Truncation is always toward zero whether the operands are negative or
not.  That is, (-5)/2 == 5/(-2) == -2 and (-5)/(-2) == 5/2 == 2.
	For the remainder operator, (x)%0 gives unpredictable garbage.
If either (or both) operands are negative, the resulting remainder will
be the negative of the positive%positive result:
	5%2 == 1 but (-5)%2 == 5%(-2) == (-5)%(-2) == -1.

[7.5.2] '-' - The type of the difference between two pointers is (int).

[7.5.3] '<<','>>' - Left shift (<<) always uses logical shifting; bits
can be shifted into the sign bit.  Right shift uses logical
shifting for unsigned integer types (the sign bit is shifted out, and
0-bits shifted in), but uses ARITHMETIC shifting for signed integer
types (the sign bit is propagated).
	Using a negative value for the right operand reverses the
direction of the shift.  Using a large number (36 or greater) simply
shifts everything to oblivion as expected.  Note that it is possible
to use left-shift arithmetic shifting (the ASH instruction) by giving
a negative shift distance to >>; of course this is very non-portable.
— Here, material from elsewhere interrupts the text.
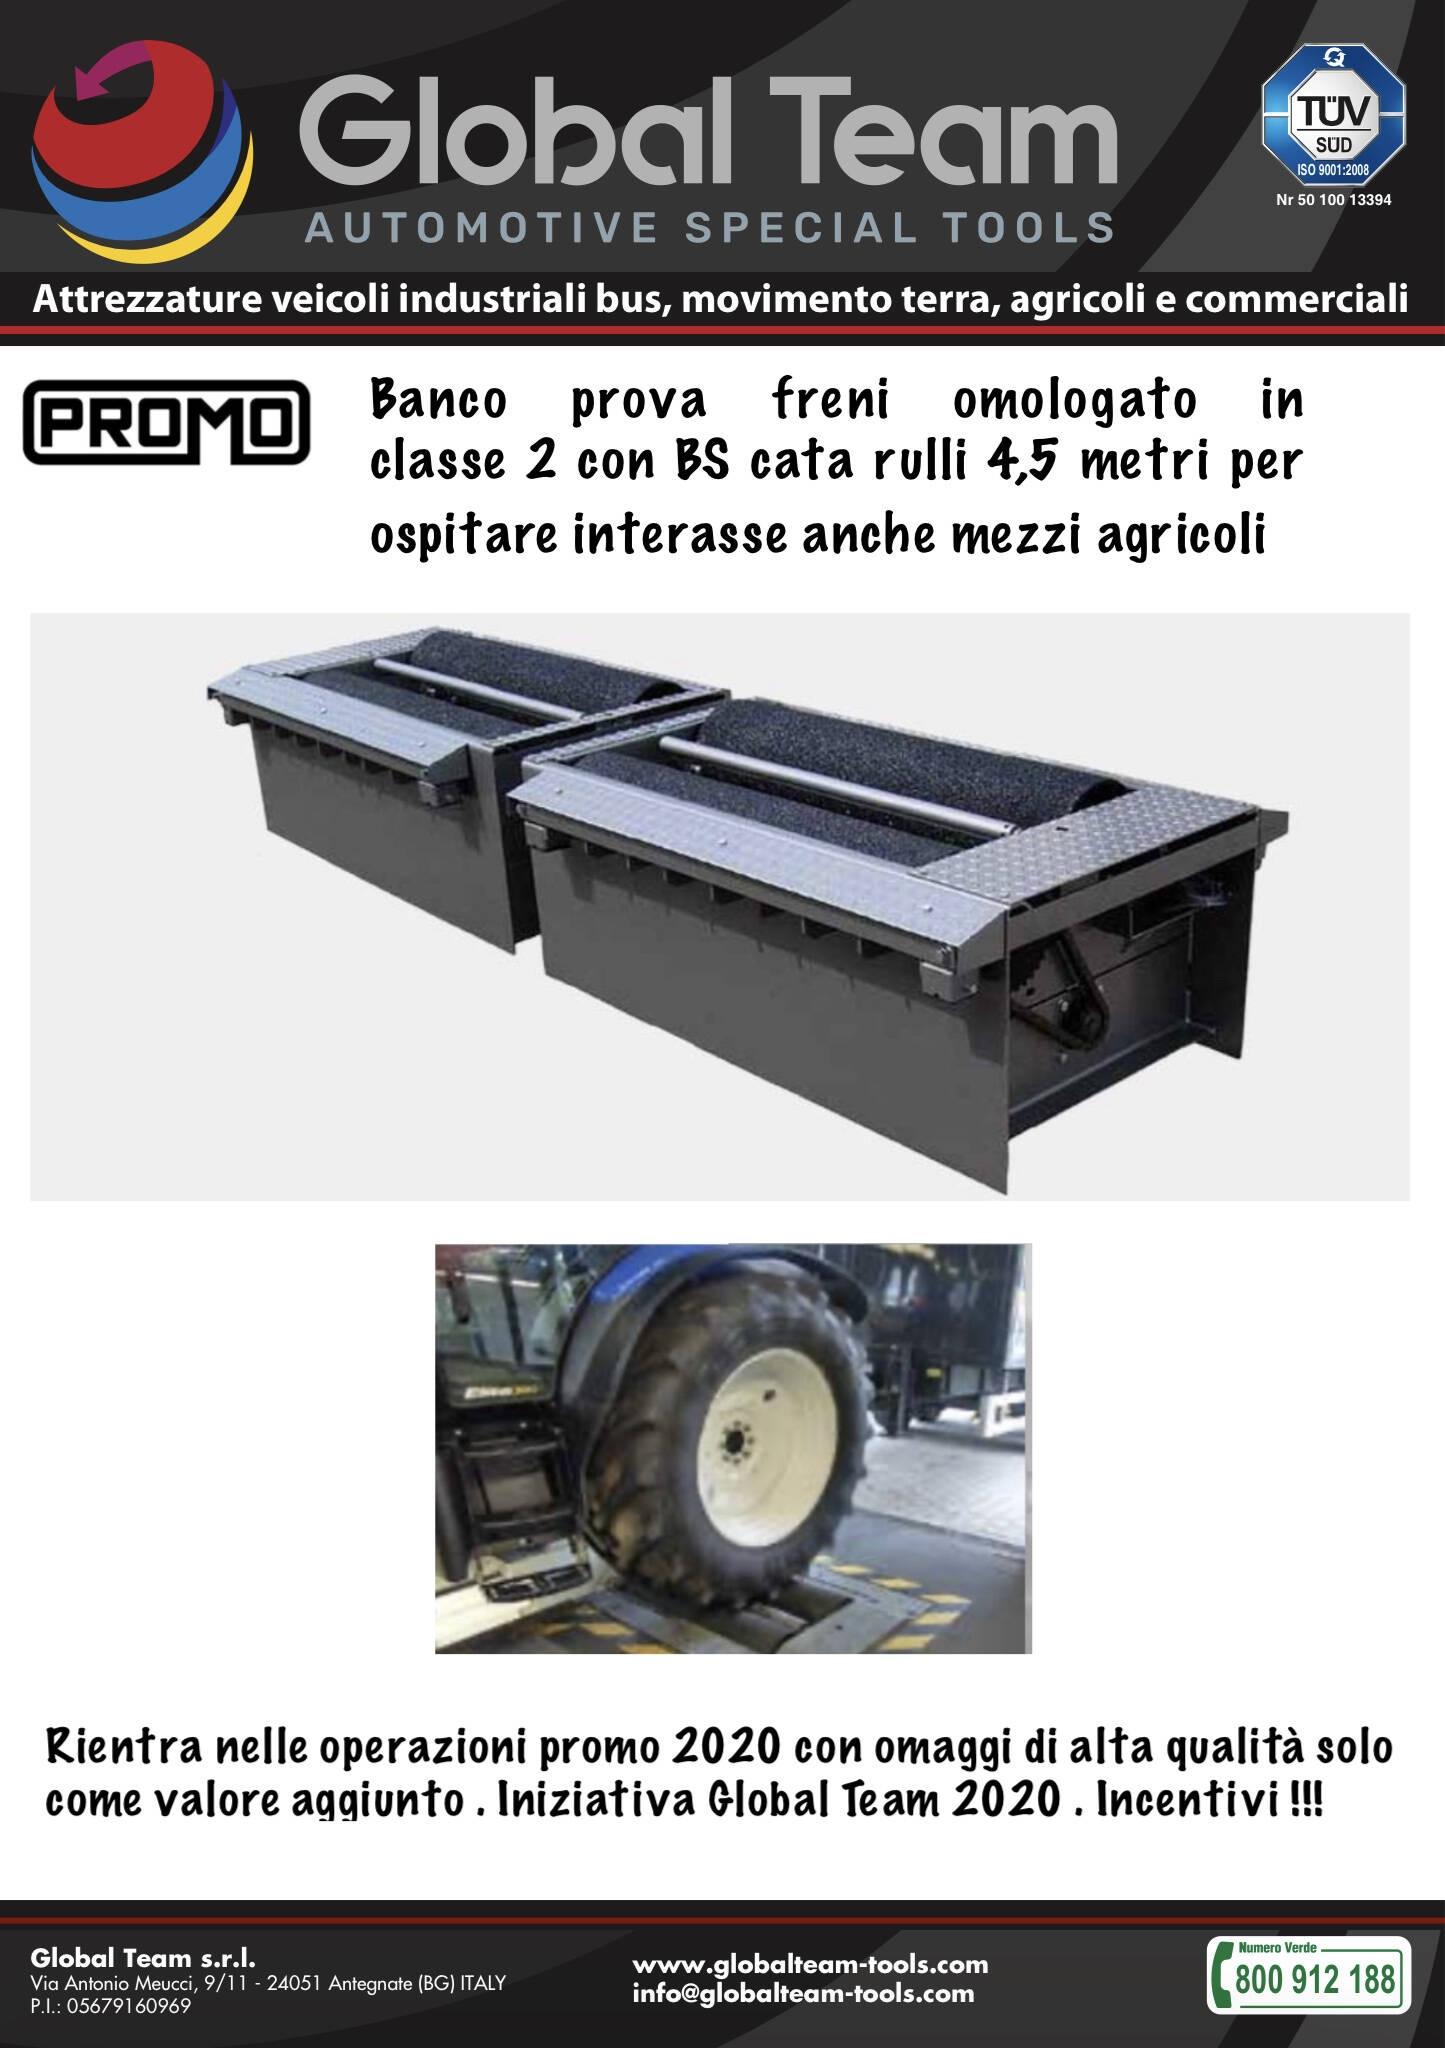 Promo bsnco freni omologato in classe 2 con la particolarità d'avere rulli extra lunghi 4,5 metri e poter ospitare anche mezzi agricoli . Universale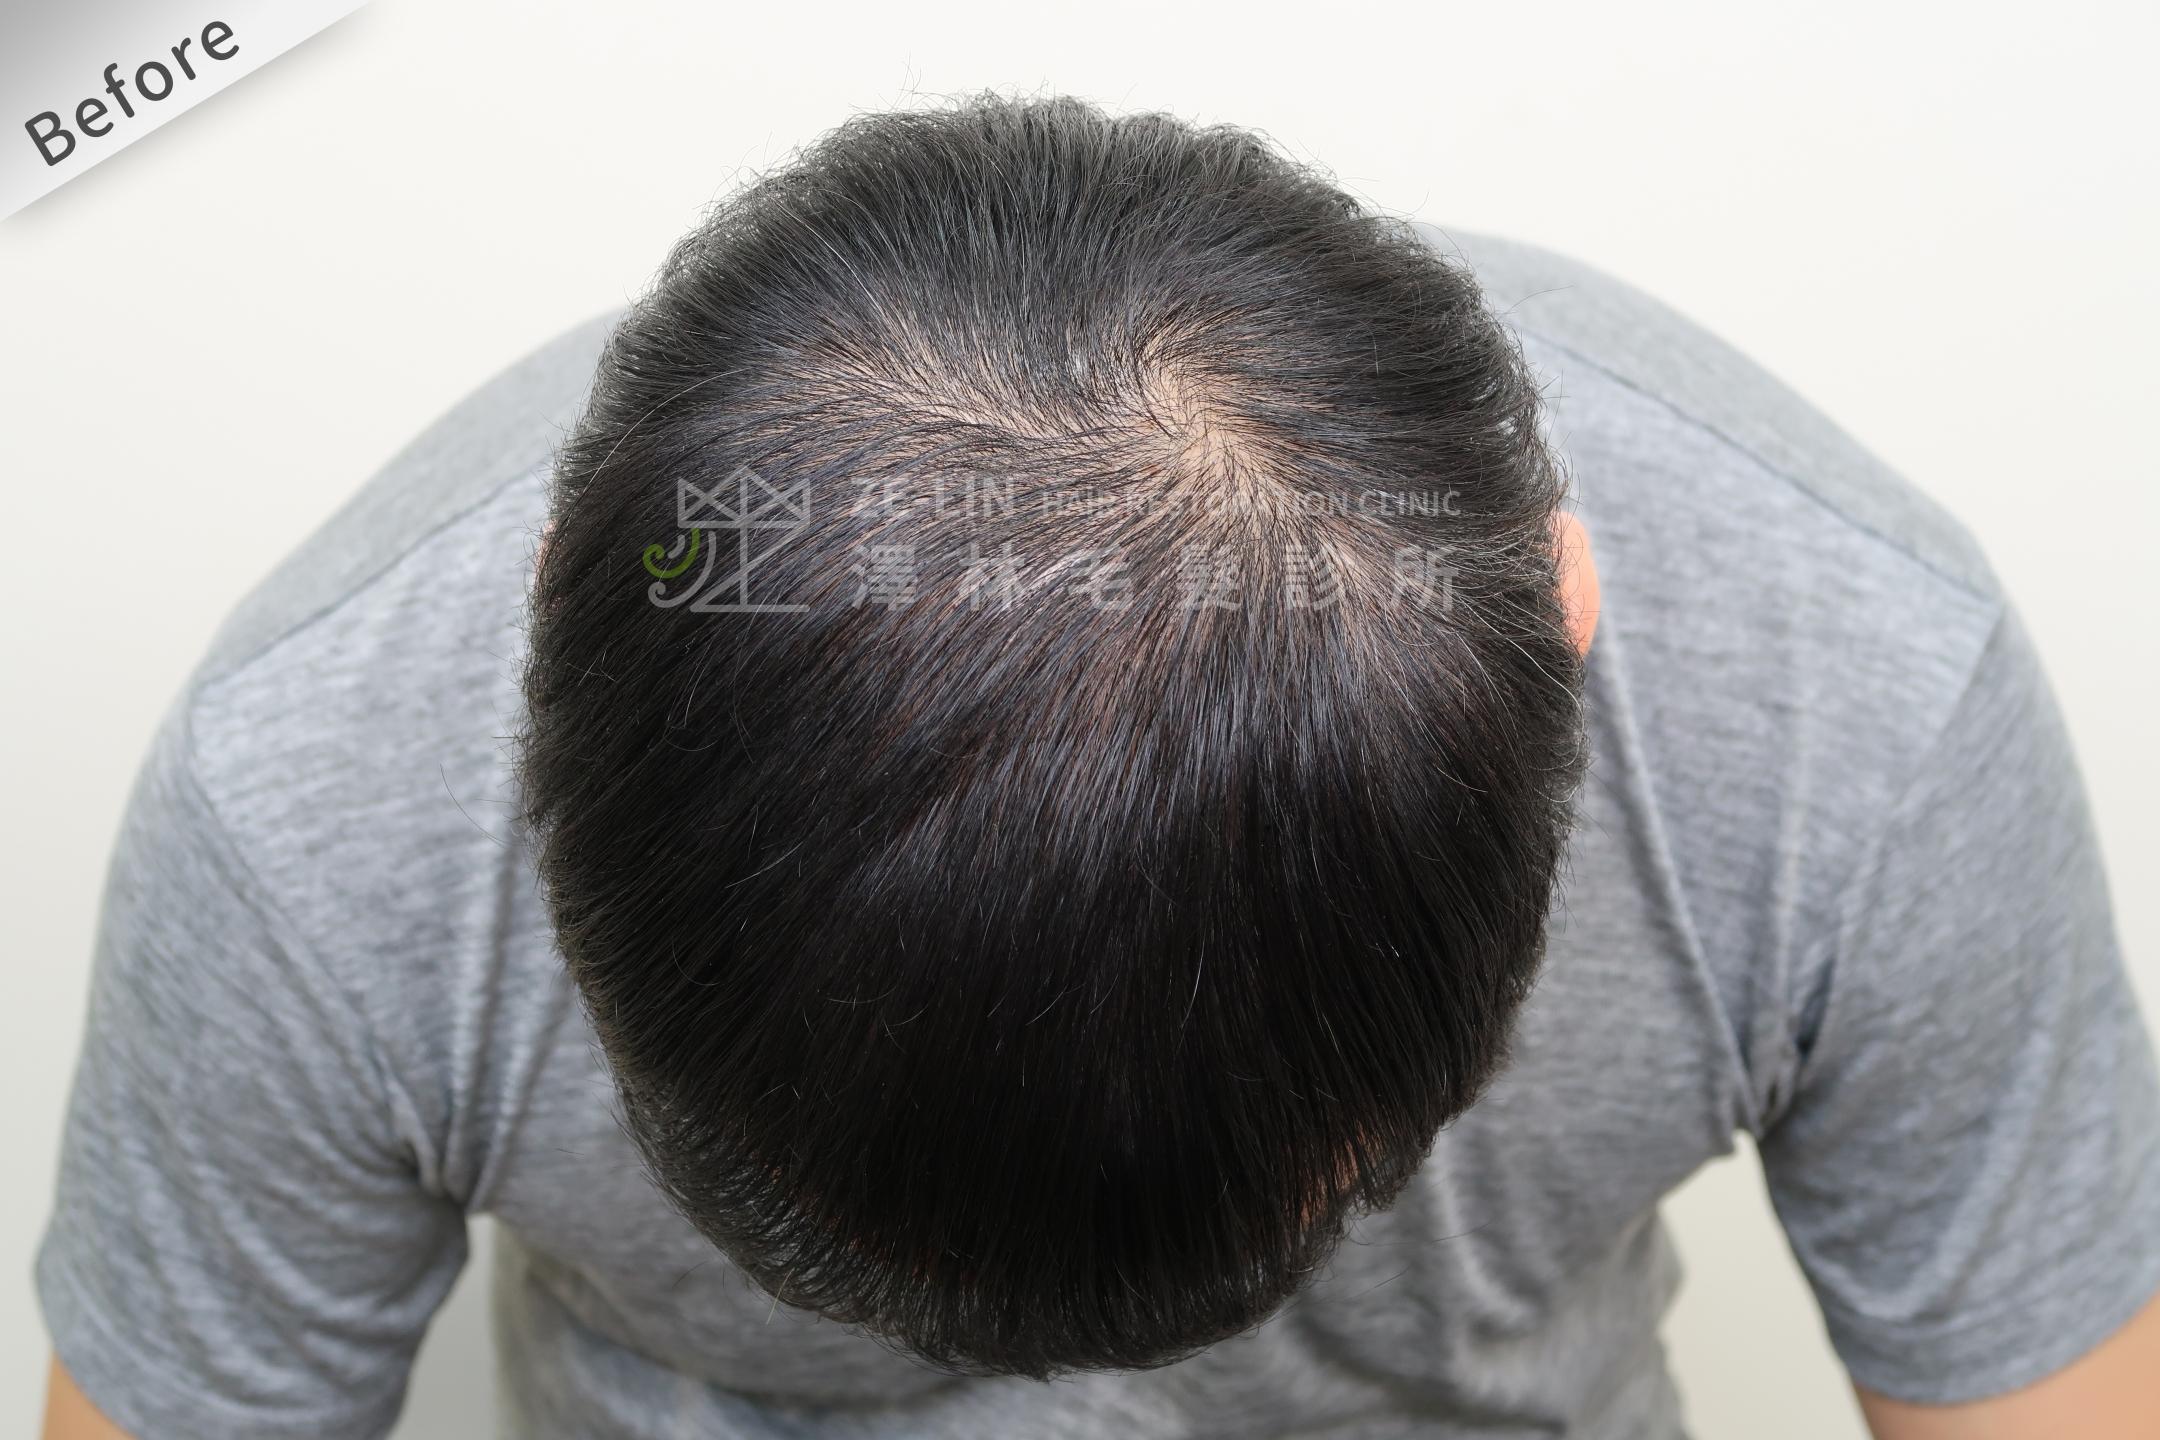 生髮育髮治療PRP自體生長因子注射治療雄性禿頂部術前4

[7.7] '?' - KCC correctly permits the result of a conditional expression
to have structure, union, enumeration, or void types.

[7.8.1] Structure and union assignment is (of course) permitted.

[7.8.2] 'op=' - KCC currently has a minor bug with compound assignment
statements.  If the left-hand side of the compound assignment has
side effects, as for example in "foo[++i] += 2;" then KCC may or may not
be able to correctly generate code for this case; it will complain if
not.  This will eventually be completely fixed, but it will take time.
	KCC does not support the obsolete "=+" compound assignment forms.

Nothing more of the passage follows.